Damir's Corner.

Generic host based console application

The new console application template in .NET 6 is as minimal as possible thanks to top-level statements. That's great for simple applications, but what if you want to create a large console application with a sophisticated command-line interface?

You certainly do not want to write code yourself to parse command line arguments. There are several NuGet packages that already do this. The package I like best is McMaster.Extensions.CommandLineUtils. It's well documented and although none of the examples use top-level statements, they should not be too difficult to customize if you want to.
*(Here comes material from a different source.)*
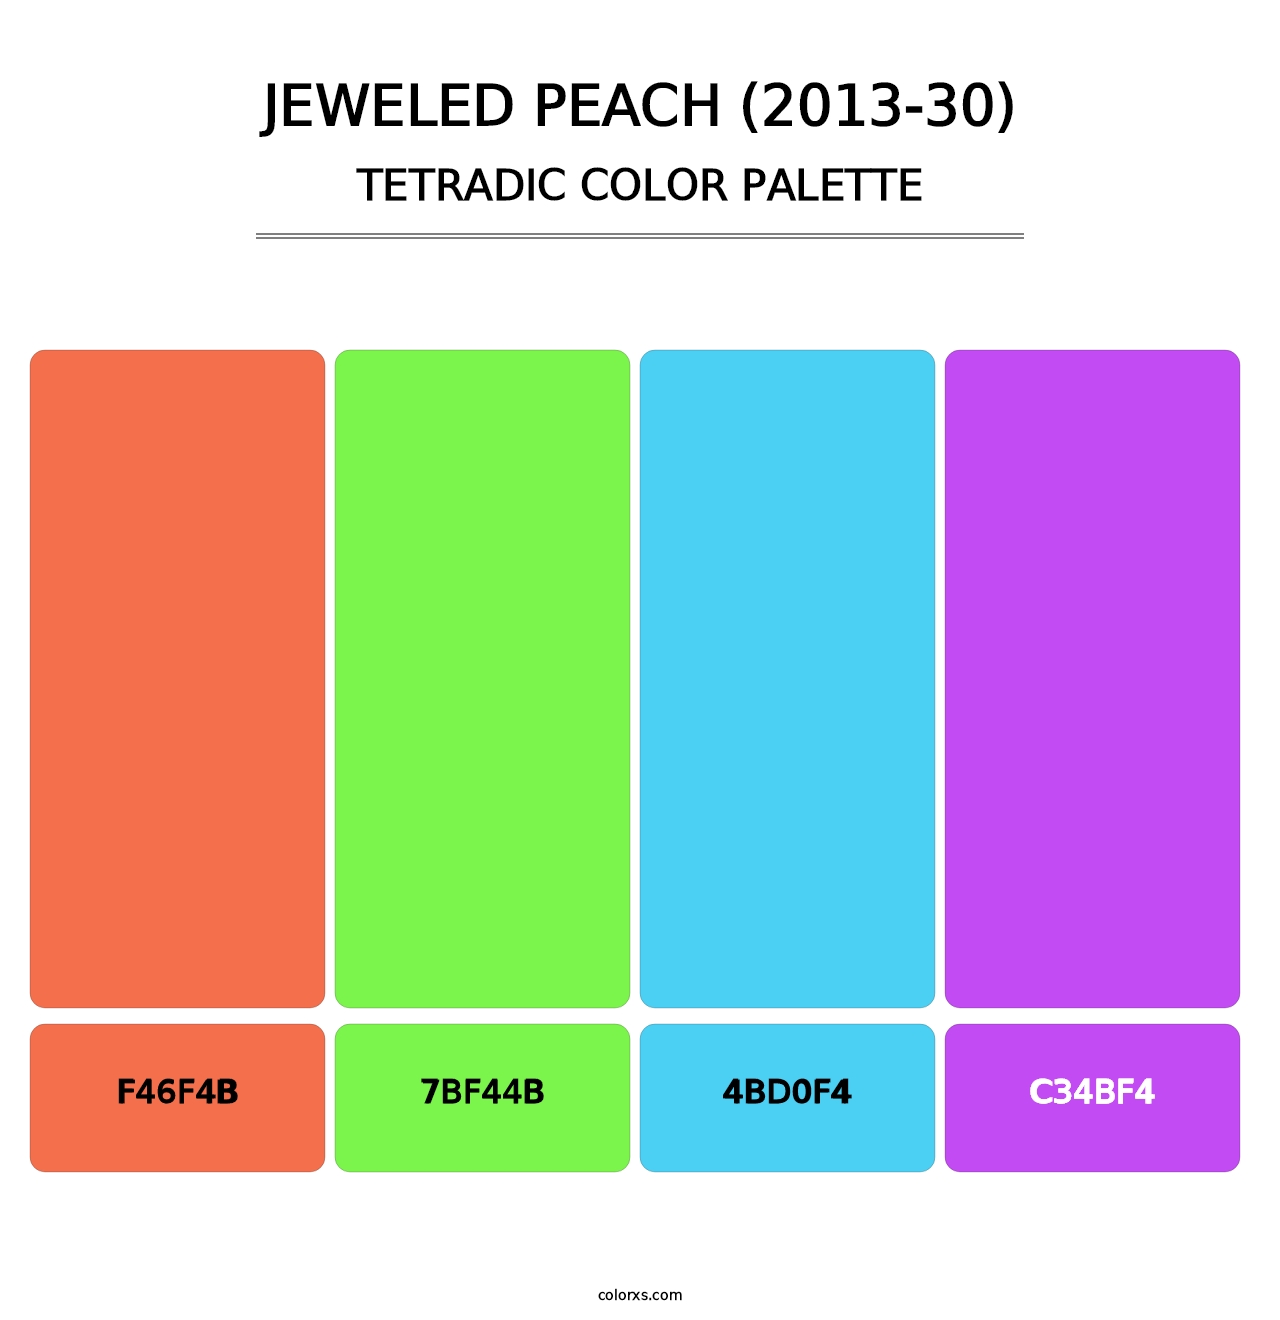 Jeweled Peach (2013-30) - Tetradic Color Palette

Parsing command-line arguments is probably not the only feature you need in a large console application. There are other cross-cutting concerns that are well solved in other templates but are not available in the console application template, for example: dependency injection, logging, reading configuration files.

Fortunately, you can get them as well if you use the generic host. For this, you need to install 2 more NuGet packages: Microsoft.Extensions.Hosting and McMaster.Extensions.Hosting.CommandLine. Then you can change your Program.cs as follows:

Host.CreateDefaultBuilder()
    .ConfigureServices((context, services) =>
    {
        services.AddOptions<Config>()
            .Bind(context.Configuration.GetSection(nameof(Config)))
            .ValidateDataAnnotations();

        services
            .AddSingleton(provider => provider
                .GetRequiredService<IOptionsSnapshot<Config>>()
                .Value);
    })
    .RunCommandLineApplicationAsync<AppCommand>(args);

As you can see in the code snippet above, I can use the generic host to configure services for dependency injection as we are used to from other templates. In this case, I use it in combination with the options pattern to read the configuration from the appSettings.json file. When you add this file to the project, you need to include it as content in the build:

<ItemGroup>
  <Content Include="appSettings.json">
    <CopyToOutputDirectory>Always</CopyToOutputDirectory>
  </Content>
</ItemGroup>

There are two details about the options configuration that are worth mentioning:

1. I call the ValidateDataAnnotations extension method to validate the configuration based on the attributes applied to the model class:

   internal class Config
   {
       [Required]
       public string Option1 { get; set; } = string.Empty;
   }
   

2. After configuring the options, I add the resulting configuration as a singleton so that I can inject the Config class directly instead of wrapped in one of the option interfaces. I learned this pattern from a book on design patterns by Carl-Hugo Marcotte.

The AppCommand class is the root command. In the library documentation, this is usually the Program class. However, when you use top-level statements, this class is automatically generated, so you need to create a separate class with the OnExecute method and the Command attribute that acts as the command:

[Command(Description = "Options reader")]
[Subcommand(typeof(ReadCommand))]
internal class AppCommand
{
    public int OnExecute(
        ILogger<AppCommand> logger,
        IConsole console,
        CommandLineApplication app)
    {
        logger.LogInformation("OnExecute called.");

        console.WriteLine("You must specify a subcommand.");
        console.WriteLine();
        app.ShowHelp();
        return 1;
    }
}

In command classes, dependencies can be injected either in the constructor or in the OnExecute method. I chose the latter because I need them only in this method, so I can avoid a constructor and fields for the dependencies.

The Subcommand attribute points to the second command class that implements the actual functionality:

[Command(Description = "Print out options.")]
internal class ReadCommand
{
    public int OnExecute(
        ILogger<ReadCommand> logger,
        IConsole console,
        Config config)
    {
        logger.LogInformation("OnExecute called.");

        var json = JsonSerializer.Serialize(config);
        console.WriteLine(json);
        return 0;
    }
}

With only a single subcommand, this does not make much sense. It would be better to include the functionality directly in the root command. I did this because my application will end up supporting multiple commands.

You can see that several dependencies are injected that I have not configured:

• IConsole and CommandLineApplication are configured by the library and provide access to the Console class and the application entry point, respectively.
• The default ILogger is provided by the generic host. It can be further configured using its ConfigureLogging extension method.

You can view the full source code for the sample application in my GitHub repository.

The new .NET 6 console application template is great for simple cases. If you need more functionality, you can always extend it to your liking. In this post, I showed how to use the NuGet package McMaster.Extensions.Hosting.CommandLine to parse command line arguments and how to use the generic host to get access to dependency injection, configuration, logging and other standard features of . NET.